Md. Rafiqul Islam1, A.T. Reza Ahmad2, Syed Moosa M.A Quaium3
1. Registrar, Department of Pediatrics, North East Medical College Hospital Sylhet
2. Associate Professor, Department of Pediatrics, North East Medical College Hospital Sylhet
3. Professor and Head, Department of Pediatrics, North East Medical College Hospital Sylhet
Introduction:
Fanconi anemia is a genetic disease with an incidence of 1 per 350000 birth. It is most common cause of inherited pancytopenia in children which almost always develop to aplastic anemia and may have an increased risk of developing cancer. It results from genetic defect in a cluster of proteins responsible for DNA repair. Thus damaged DNA is not repaired and ultimately results in either abnormal cell death or uncontrolled cell growth. Cells that divide quickly, such as bone marrow cells are particularly affected. Abnormal death of these cells results in bone marrow failure or other physical abnormalities of Fanconi anemia, whereas abnormal cell growth results in development of cancers. It is inherited primarily in an autosomal recessive manner and only 2% cases are X-linked recessive. It occurs in all racial and ethnic groups but the incidence is higher in Askenazi Jews and South Afrikaners. The disease is named after the Swiss pediatrician Guido Fanconi who originally described this disorder. Approximately 75% of patients are 3-14 yr of age at the time of diagnosis (mean age, 8-9 yr; range, 0-48 yr).4
The clinical features of Fanconi anaemia are variable. The most common presentation is pancytopenia, thrombocytopenia, or malignancy. Physical findings are present in 50-75% case(2, 5). Common physical findings are hyper pigmentation, café-au-lait spots, short stature, thumb and arm abnormalities, organ abnormalities, developmental disability etc. Thumbs may be hypo plastic, bifid, missing or misshapen.

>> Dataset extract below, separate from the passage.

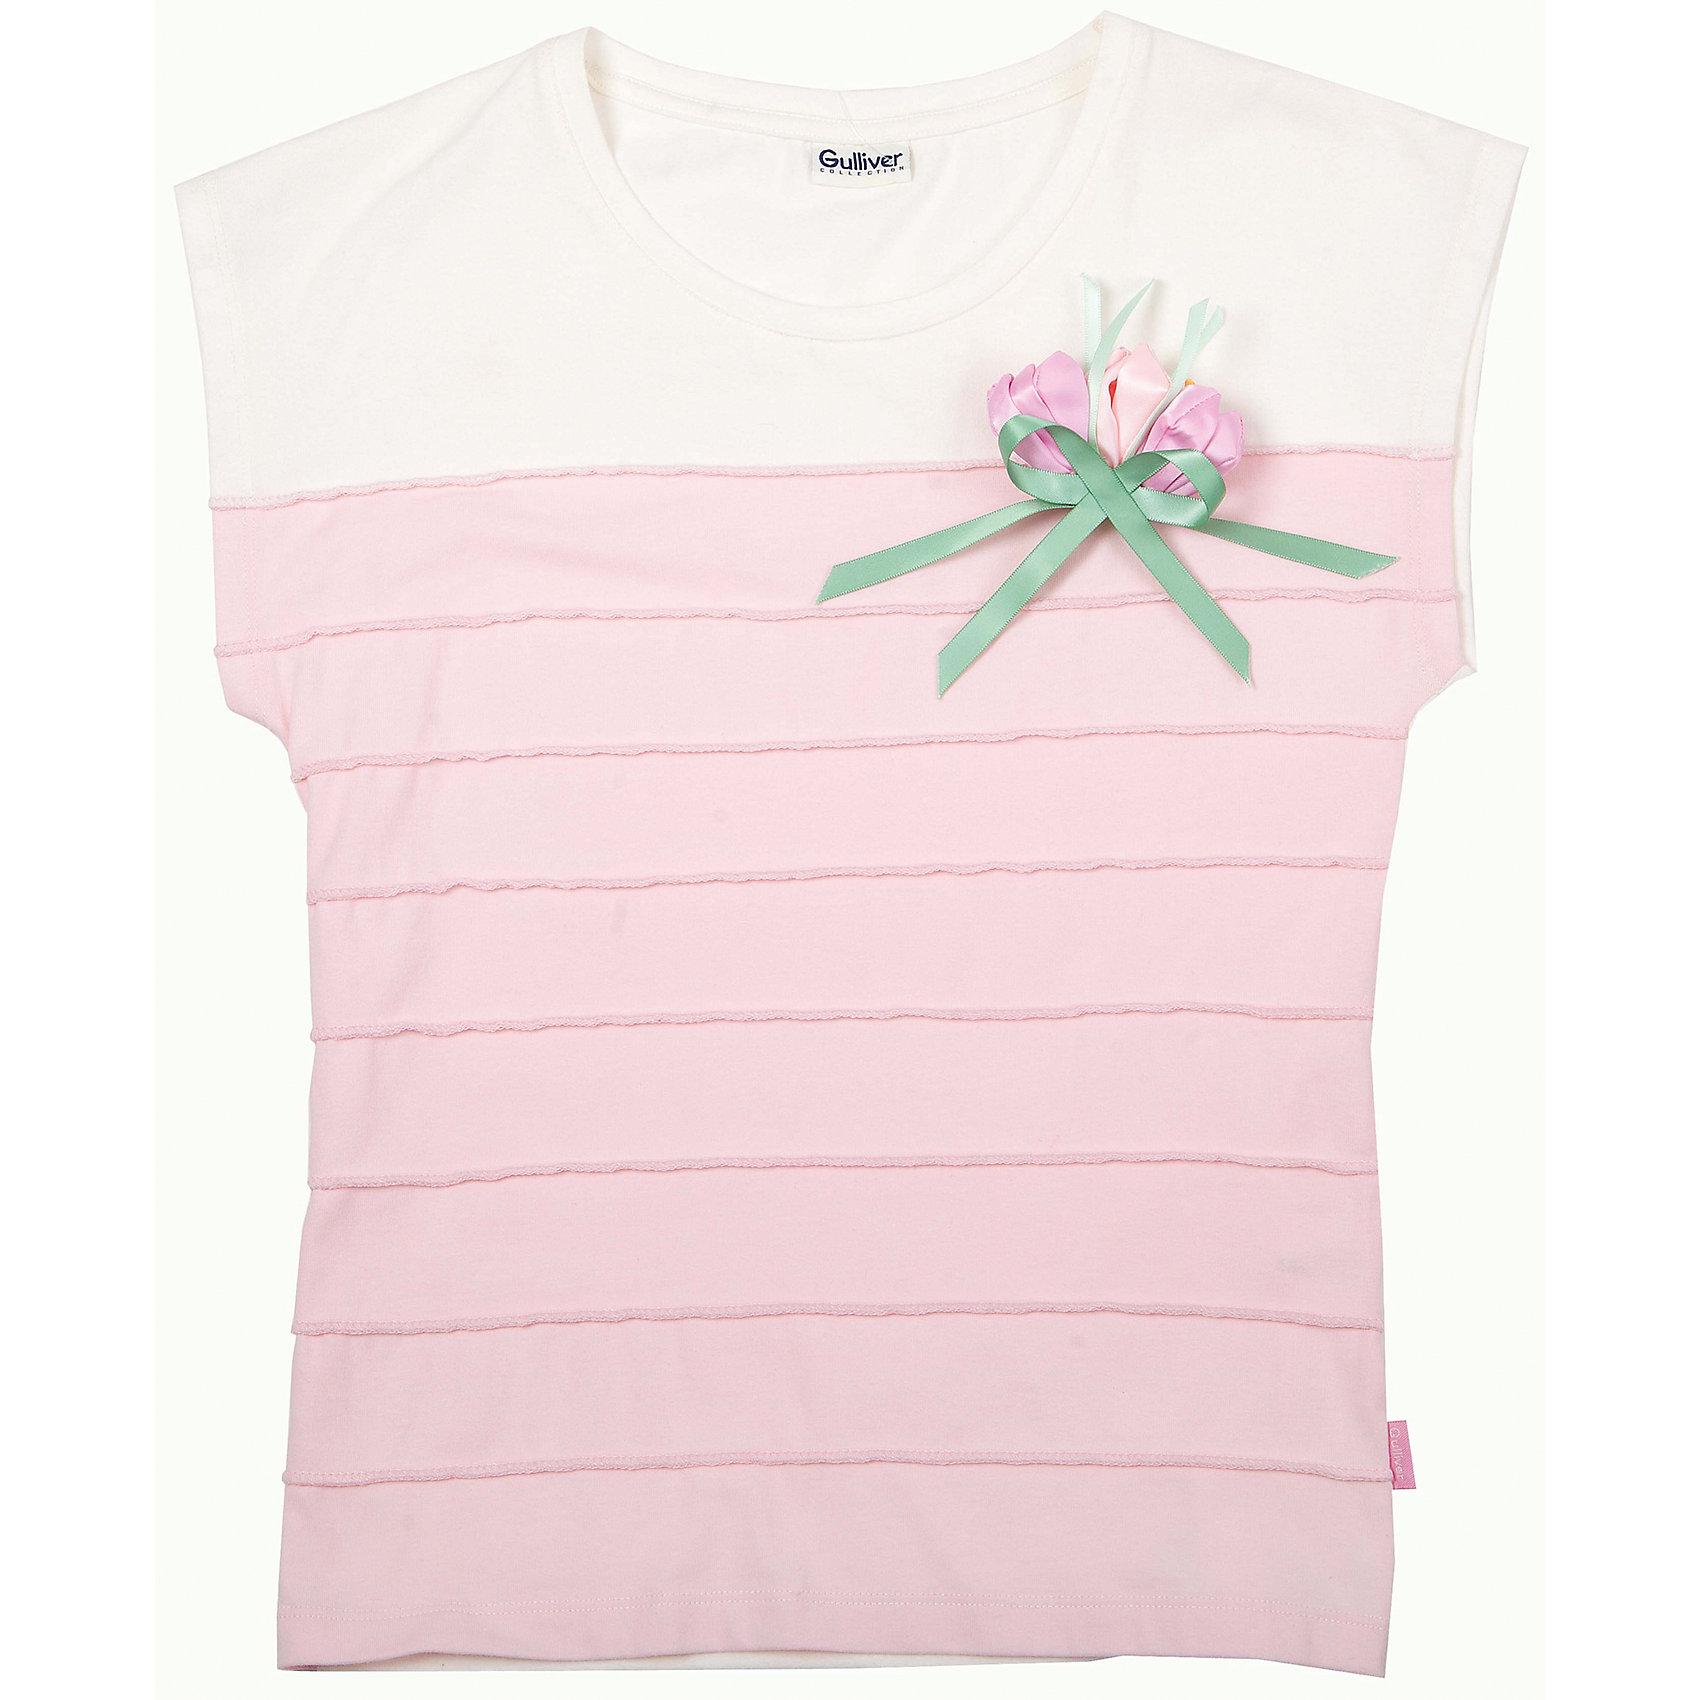 Блузка для девочки GulliverСветлая трикотажная блузка без рукавов для девочки - хит сезона Весна/Лето 2016! Она выглядит очень по-взрослому, при этом обладает особой нежностью, и наверняка понравится тонким романтичным натурам. Комбинация розового и белого делает образ чистым и светлым, хлопок с эластаном гарантирует красивую комфортную посадку изделия на фигуре. В оформлении модели горизонтальные защипы и отстегивающаяся цветочная композиция, придающая модели свежесть и индивидуальность. Словом, эта модель наглядно демонстрирует какой должна быть модная блузка летом 2016: необычной и интересной! Если вы решили купить оригинальную блузку, сделайте выбор в пользу этой модели и ваш ребенок будет в восторге!<br>Состав:<br>95% хлопок           5% эластан<br><br>Ширина мм: 186<br>Глубина мм: 87<br>Высота мм: 198<br>Вес г: 197<br>Цвет: розовый<br>Возраст от месяцев: 120<br>Возраст до месяцев: 132<br>Пол: Женский<br>Возраст: Детский<br>Размер: 146,140,128,134,152<br>SKU: 4534367

Fore arm bones may be under developed or absent. Growth failure may be associated with abnormal growth hormone secretion or with hypothyroidism. Anomalies of the feet, congenital hip dislocation and leg abnormalities are seen. Males may have an underdeveloped penis; undescended, atrophic, or absent testes; and hypospadias or phimosis. Females can have malformations of the vagina, uterus, and ovary. Many patients have a Fanconi “facies,” including microcephaly, small eyes, epicanthal folds, and abnormal shape, size, or positioning of the ears. Approximately 10% of patients are mentally retarded. Ectopic, pelvic, or horseshoe kidneys are detected by imaging, as well as duplicated, hypoplastic, dysplastic, or absent organs.4
As Fanconi anemia is a rare disease, there is no convincing data available regarding prevalence of this disease in Bangladesh. Our case has typical features and family history.